Details of the Material Definitive Agreements

On April 22, 2026, Universal Health Services, Inc. entered into the Eleventh Amendment to its Credit Agreement, which constitutes a material definitive agreement. The amendment and Increased Facility Activation Notice directly affect the company’s senior secured credit facility, which is a cornerstone of UHS’s capital structure.

The amendment impacts the following senior secured notes:

  • 2.650% Senior Secured Notes due 2030 (“2030 Notes”)
  • 2.650% Senior Secured Notes due 2032 (“2032 Notes”)
  • 4.625% Senior Secured Notes due 2029 (“2029 Notes”)
  • 5.050% Senior Secured Notes due 2034 (“2034 Notes”)

All of these notes are governed by the company’s Amended and Restated Collateral Agreement, which has been amended and supplemented over time.

The company’s Form 8-K filing clarifies that the attached Eleventh Amendment, including the updated credit facility agreement, should be read in its entirety for full details. The document signals ongoing efforts by UHS to actively manage its debt, liquidity, and financial flexibility.

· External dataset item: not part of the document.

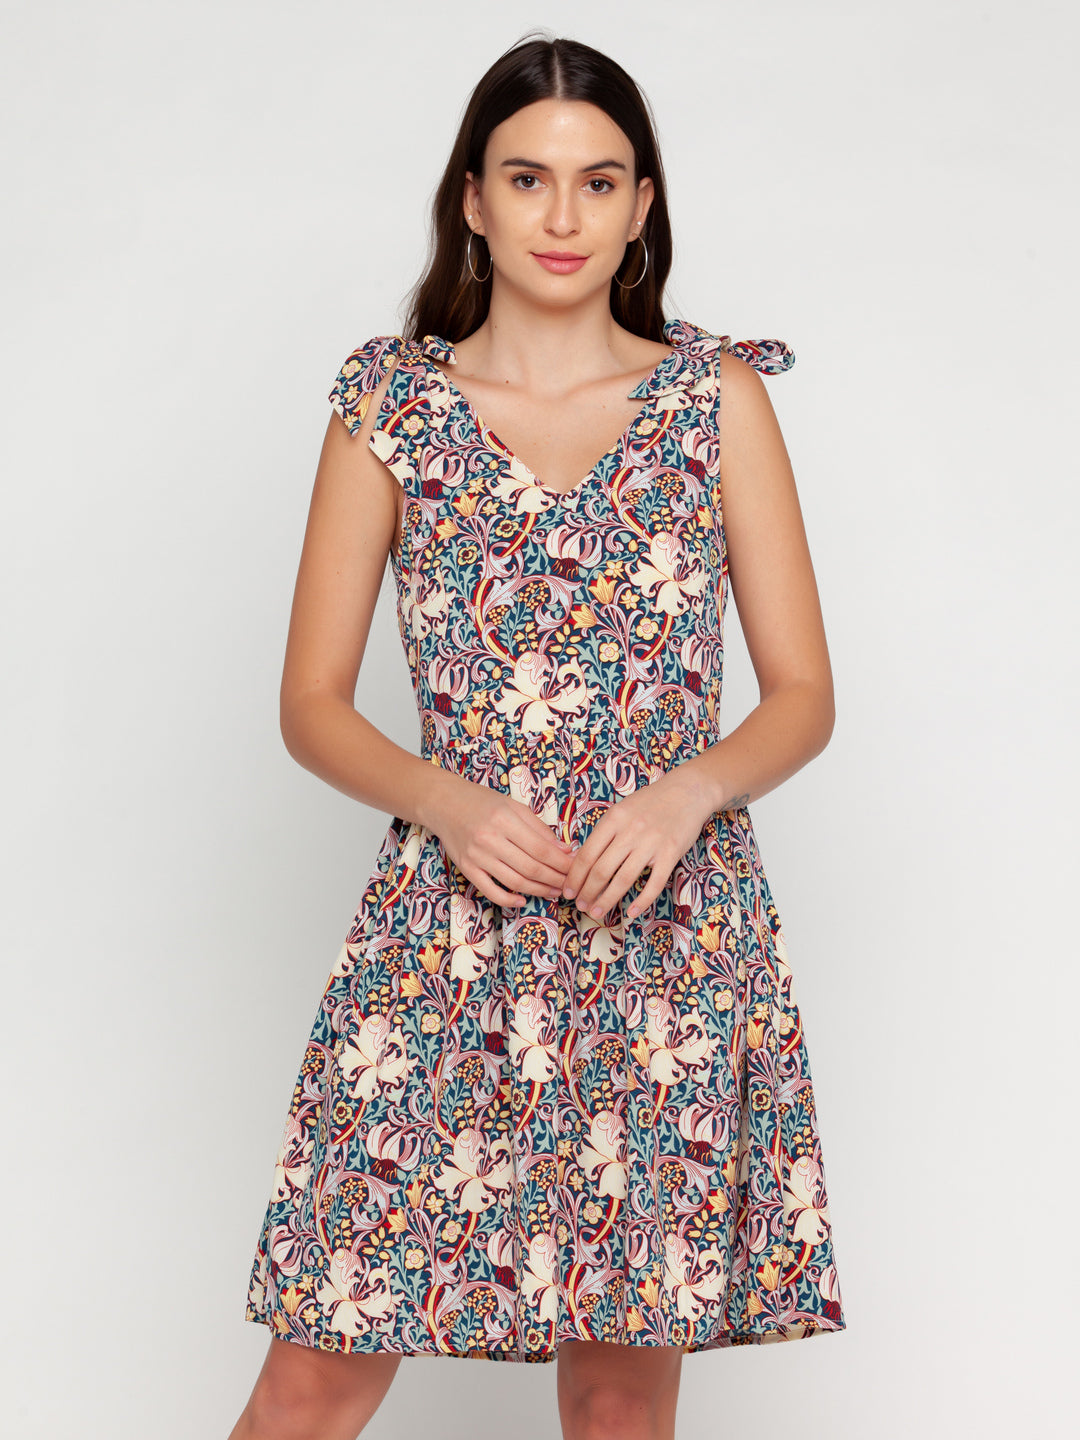 Blue-Floral-Printed-Regular-Short-Dress-VD02162-2

Supplemental Indentures and New Guarantors

In addition to the credit facility amendment, UHS has executed Supplemental Indentures to bring new subsidiary guarantors under the terms of its indentures. This is a structural enhancement required by the terms of the existing indentures, which strengthens the credit profile and potentially improves the security for noteholders.

The new supplemental indentures have been filed as Exhibits 4.1, 4.2, and 4.3 to the Form 8-K. The full list of guaranteeing subsidiaries is detailed in the exhibits, and each guarantee is executed by Steve Filton, UHS’s Executive Vice President, Chief Financial Officer, and Secretary. These guarantees are critical for investors as they provide an additional layer of credit support on UHS’s outstanding senior secured notes.

Price-Sensitive and Shareholder-Important Information

  • Creation of Direct Financial Obligations: The Eleventh Amendment and the new guarantees represent the formal creation of new direct obligations for UHS and its subsidiaries. This is a material event that can affect the company’s leverage, credit profile, and ultimately its cost of capital.
  • Strategic Financial Management: The active amendment of credit facilities and addition of new subsidiary guarantors demonstrate UHS management’s ongoing efforts to strengthen the company’s financial structure. This may be viewed positively by investors and credit rating agencies, as it suggests proactive risk management and commitment to maintaining access to capital.
  • Potential Share Price Impact: Given the size and scope of these amendments and new guarantees, the announcement is likely to be price-sensitive. It may affect the perception of UHS’s creditworthiness, flexibility to pursue growth, or withstand economic downturns—key considerations for equity and debt investors.
  • No Indication of Distress: There is no indication in the filing of financial distress or covenant breaches. Instead, these actions appear to be part of regular and strategic financial management.

Other Disclosures

The company’s filing also includes standard disclosures regarding its securities, the exchanges on which they are listed (notably, the NYSE under the symbol “UHS”), and compliance with relevant SEC rules. There is an explicit statement that UHS is not an emerging growth company and has not elected the extended transition period for new accounting standards.

Conclusion for Investors

The entry into the Eleventh Amendment to the Credit Agreement and the execution of new supplemental indentures are material events for Universal Health Services, Inc. These actions reinforce the company’s capital structure, add new guarantees, and reflect proactive financial management. Shareholders and the market should view these developments as price-sensitive, as they have the potential to impact UHS’s perceived creditworthiness, cost of capital, and financial flexibility.


Disclaimer: This article is for informational purposes only and does not constitute investment advice. Readers should review the full SEC filings and consult with financial professionals before making any investment decisions. The author and publisher are not responsible for any actions taken based on this information.